- Task directions:
The output should hold exactly, and only, the lines from the line bearing "E cigarette UK" through the last line of the listing below, and no pictures.

- Supplied information:
------------------------------------

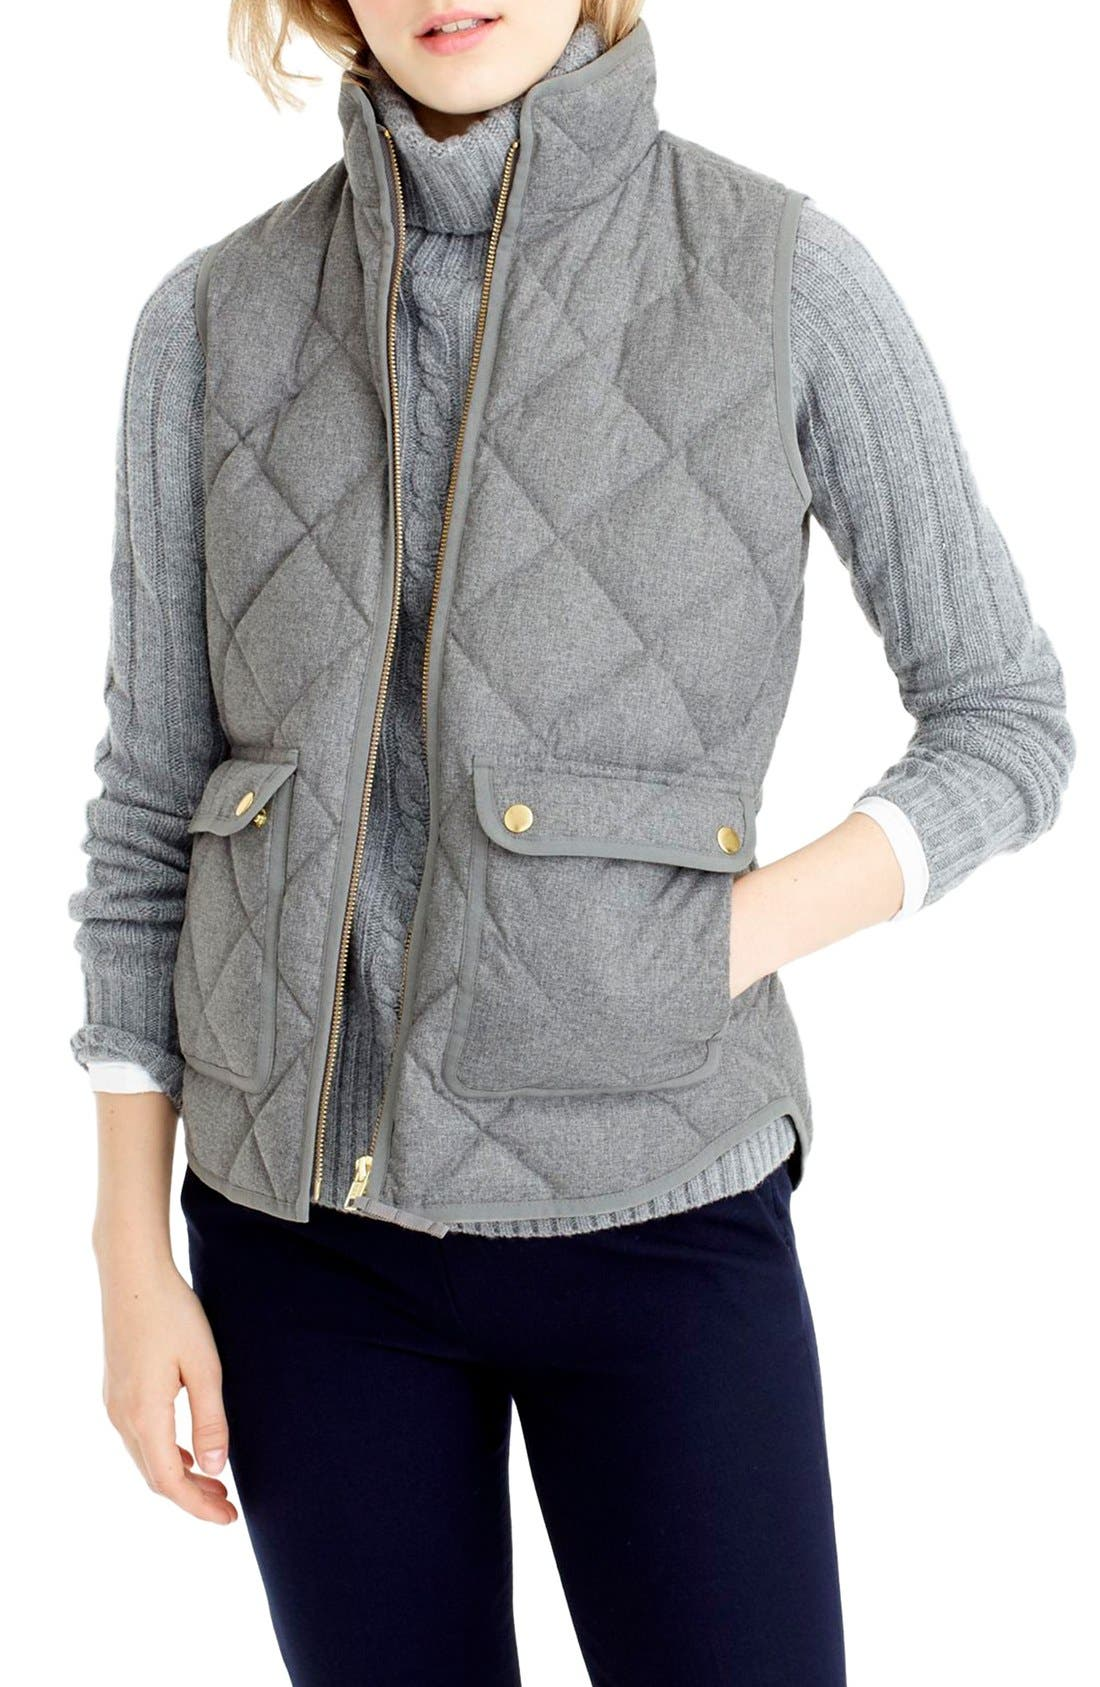 Excursion Quilted Flannel Vest,                         Main,                         color, Heather Graphite
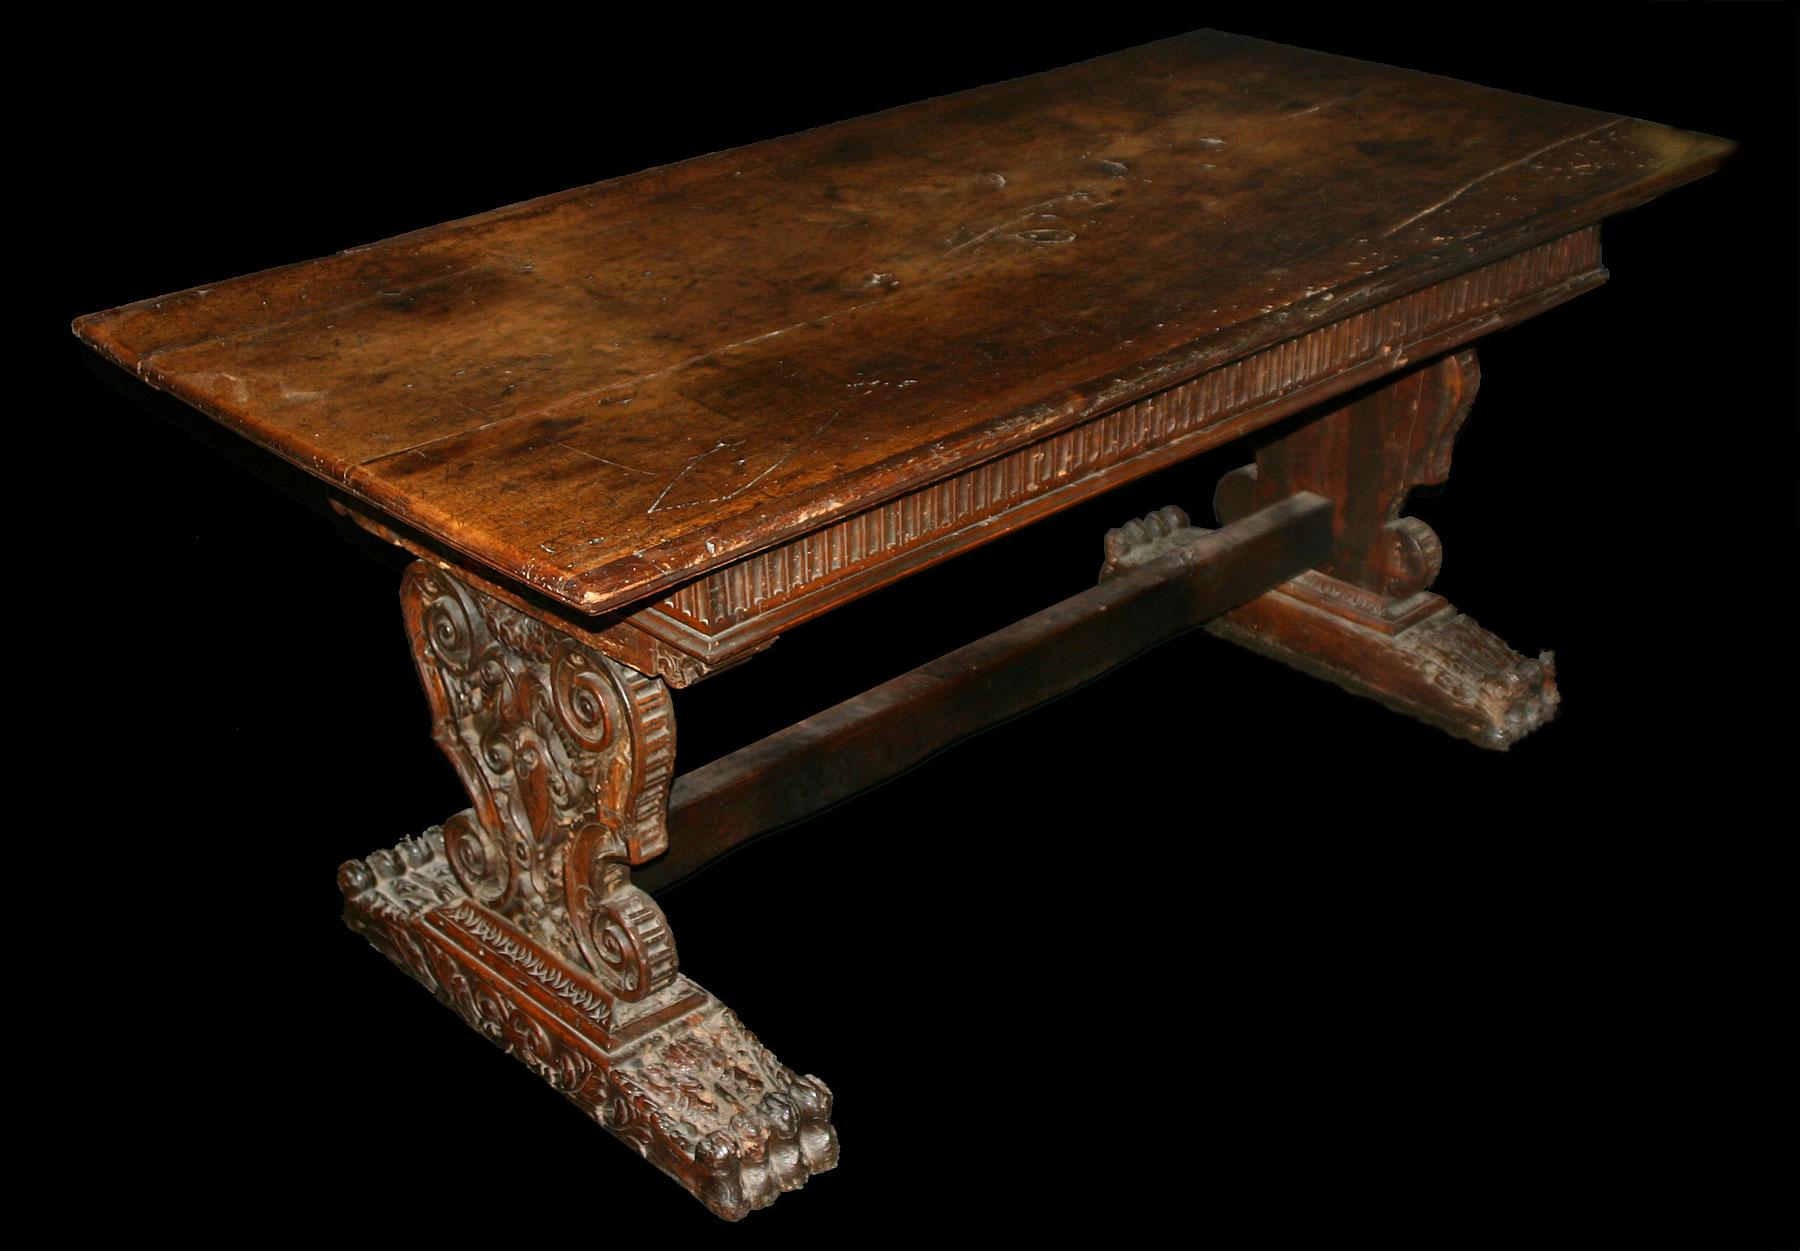 Italian Renaissance Period Walnut Refectory Table
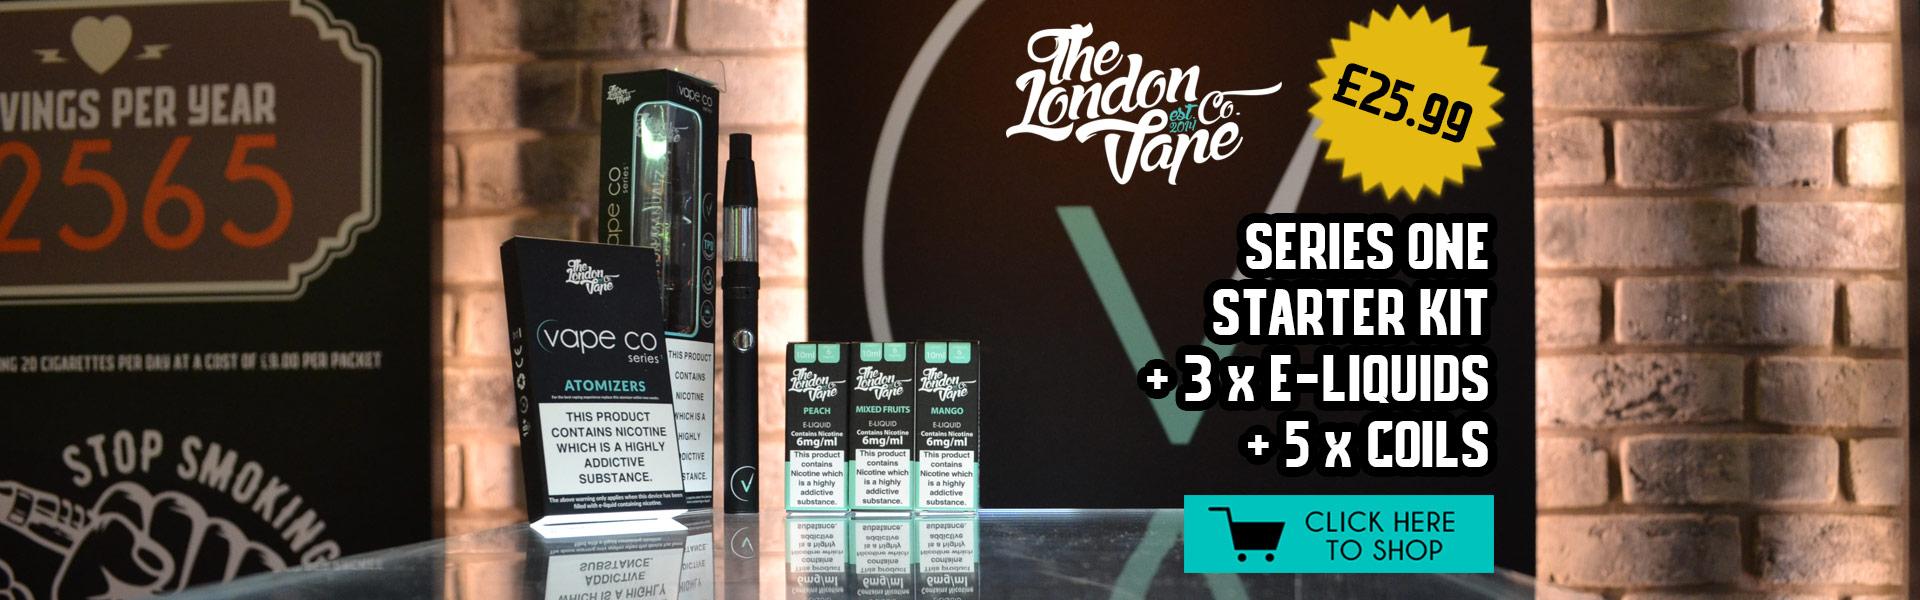 E cigarette UK - The London Vape Co, E liquids, London - E-liquid
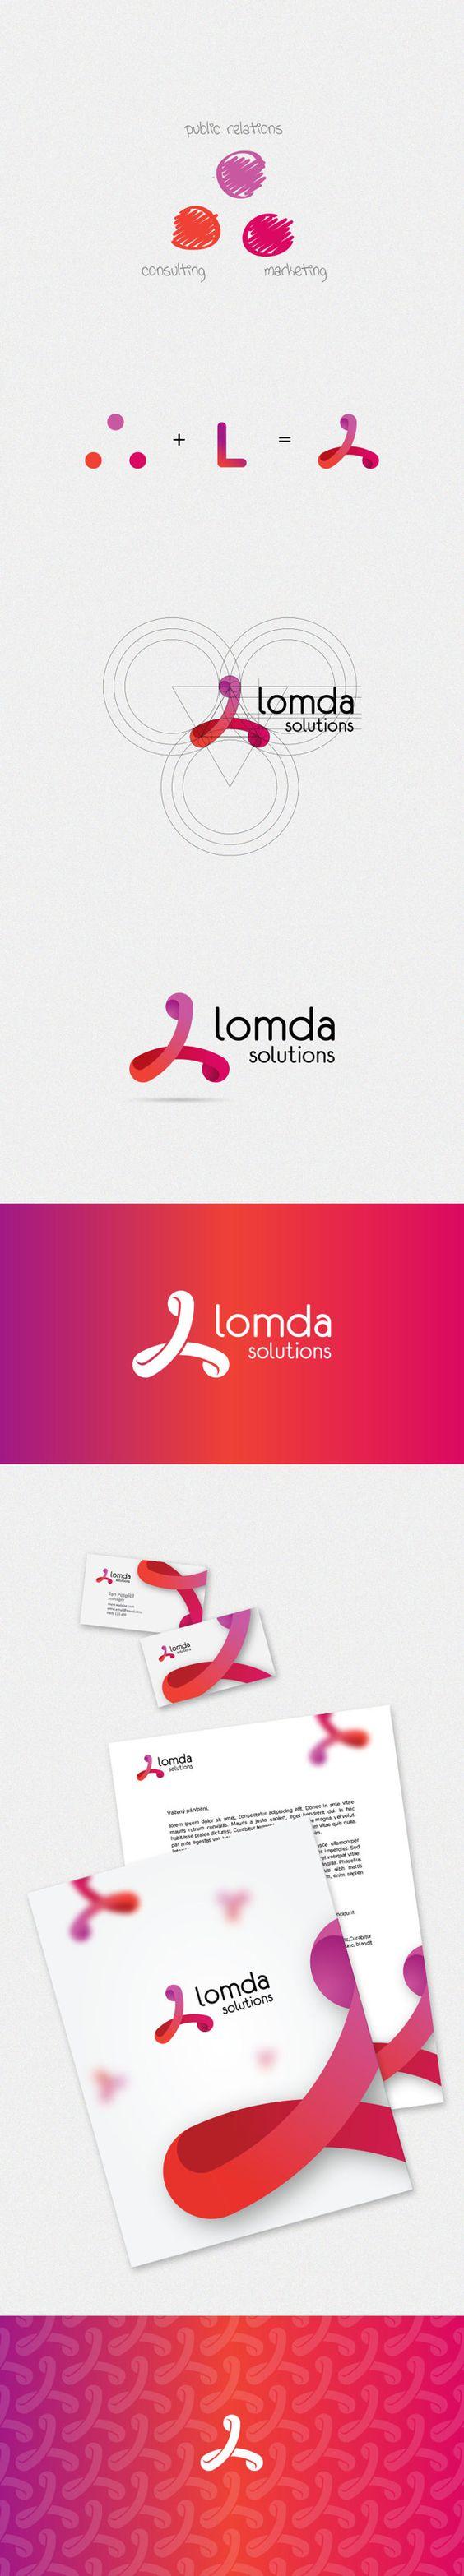 lomda Logo Design on Pinterest Creative, Logo design

------------------------------------

- Task output:
 E cigarette UK - The London Vape Co, E liquids, London - E-liquid
 lomda Logo Design on Pinterest Creative, Logo design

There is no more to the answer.